During the Identity Crisis storyline, Green Arrow visits Jordan at his grave, asking to exact revenge on Sue Dibny's killer. Although Hal admits knowing the culprit's identity (revealed later was Jean Loring), he refused as the Spectre to a higher purpose, and implying to Oliver that the killer would eventually be caught, thus explaining the Spectre's inaction.

2000s
In 2004, DC launched the Green Lantern: Rebirth miniseries which brought Hal Jordan back to life and made him a Green Lantern once again, and in a redesigned Corps uniform. Shortly after the conclusion of Rebirth, DC Comics began a new Green Lantern (vol. 4) series, beginning with a new #1 and retconning his past murders as Parallax as the result of an intergalactic fear-driven parasite. The Green Lantern Corps has also been successfully rebuilt. Despite the revelation that Hal's past villainous activity was because of the influence of the parasite Parallax, many of his fellow Corps officers are unwilling to trust him, even Jordan, on some levels, believes the reason that Parallax succeeded in possessing him was because he surrendered to it, and thus acknowledges that he truly has a dark side. Despite being freed from Parallax, his experience also leads him occasionally to have a lack of confidence and self-doubt, making him no longer a daredevil he once was. Jordan also becomes friends with Kyle Rayner after their first battle with Parallax. In the new volume, Jordan moves to the nearly deserted Coast City, which is slowly being rebuilt. Reinstated as a captain in the United States Air Force, Jordan now works in the test pilot program at Edwards Air Force Base. The series introduces new supporting characters for Hal, including a man from his and his late-father's pasts, Air Force General Jonathan "Herc" Stone, who learns his secret identity during a battle with the Manhunters and acts as his ally. He also begins to develop a romantic attraction with his fellow pilot, the beautiful Captain Jillian "Cowgirl" Pearlman. Returning characters also include Carol Ferris, Tom Kalmaku, and Jordan's younger brother James Jordan with his sister-in-law Susan and their children, Howard and Jane.

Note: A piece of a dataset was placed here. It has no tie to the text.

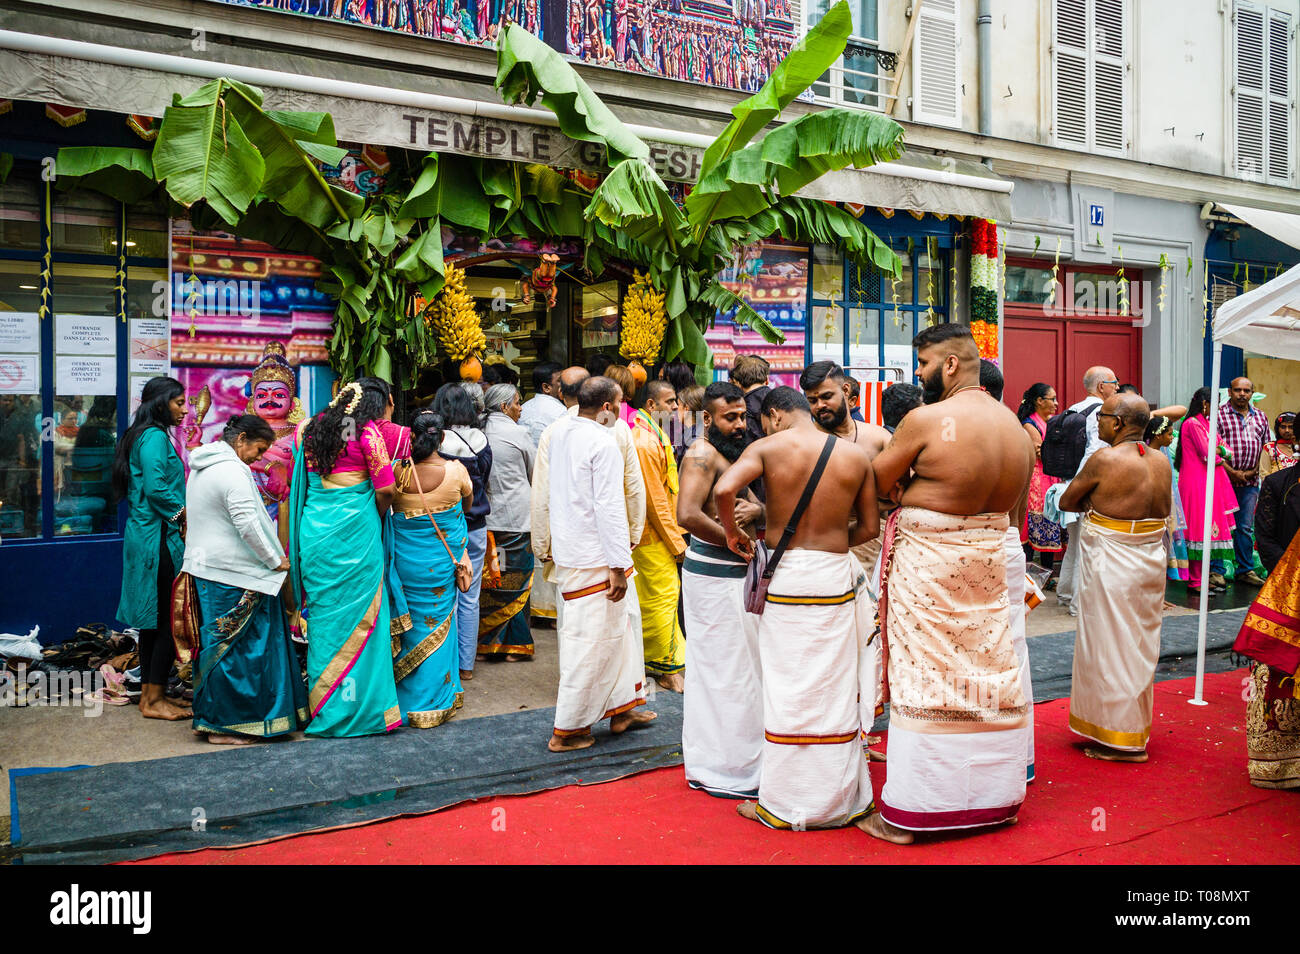 Auf Ganesh Chaturthi festival Ganesha, Menschen aus der hinduistischen Gemeinschaft sammeln im Tempel der Sri Manicka Vinayakar Alayam in Paris. Stockfoto

In this new title, he faces revamped versions of his Silver Age foes such as Hector Hammond, The Shark and Black Hand. A new account of Green Lantern's origins is also released as part of this series. In this new origin, Hal Jordan is working as an assistant mechanic under Tom Kalmaku, barred from flying due to his insubordination while in the USAF and his employer's lingering guilt about his father's death in the line of duty. Green Lantern Abin Sur, while fighting the villain Atrocitus, crashes near Coast City. Knowing he is close to death, Sur sends his ring to seek a replacement (as all rings do when their wearer dies), and his ring fetches Jordan. Sur then informs Jordan that he is to replace him as the Green Lantern of Sector 2814.

Infinite Crisis 
As part of DC's 2006 event Infinite Crisis, Hal helps briefly with the attack of the OMACs and Brother Eye. He also fights alongside a group of heroes against the Society of Supervillains, defending Metropolis. Guy Gardner leads the Green Lantern Corps attack against Superboy-Prime with Hal appearing in the group.

As part of DC's post-Infinite Crisis retconning of the entire universe, all current stories skipped ahead one year in an event called One Year Later. This brought drastic changes to Hal Jordan's life, as with every other hero in the DC Universe. It is revealed that Jordan spent time as a P.O.W. in an unnamed conflict and has feelings of guilt from his inability to free himself and his fellow captives.

Sinestro Corps War and other Pre-Flashpoint stories 
Hal and the rest of the Green Lantern Corps find themselves at war with Sinestro and his army, the Sinestro Corps during the events of the Sinestro Corps War As a Green Lantern native to Earth, Hal is featured in the Final Crisis mini-series by Grant Morrison.

In the Agent Orange story arc, Jordan is briefly in command of Agent Orange's power battery after he steals it from Agent Orange in a battle. The orange light of avarice converses with Jordan, his costume changes, and he becomes the new Agent Orange. However, Larfleeze quickly takes his power battery back from Jordan.

Jordan is also a character of focus in the new Justice League of America series as a charter member of the revamped JLA. He is also involved in the first plotline of the Brave and the Bold monthly series, teaming up first with Batman and later Supergirl. When teamed with the fledgling Supergirl, Hal is very impressed with her cleverness, although he finds her flirtatious behavior somewhat unnerving.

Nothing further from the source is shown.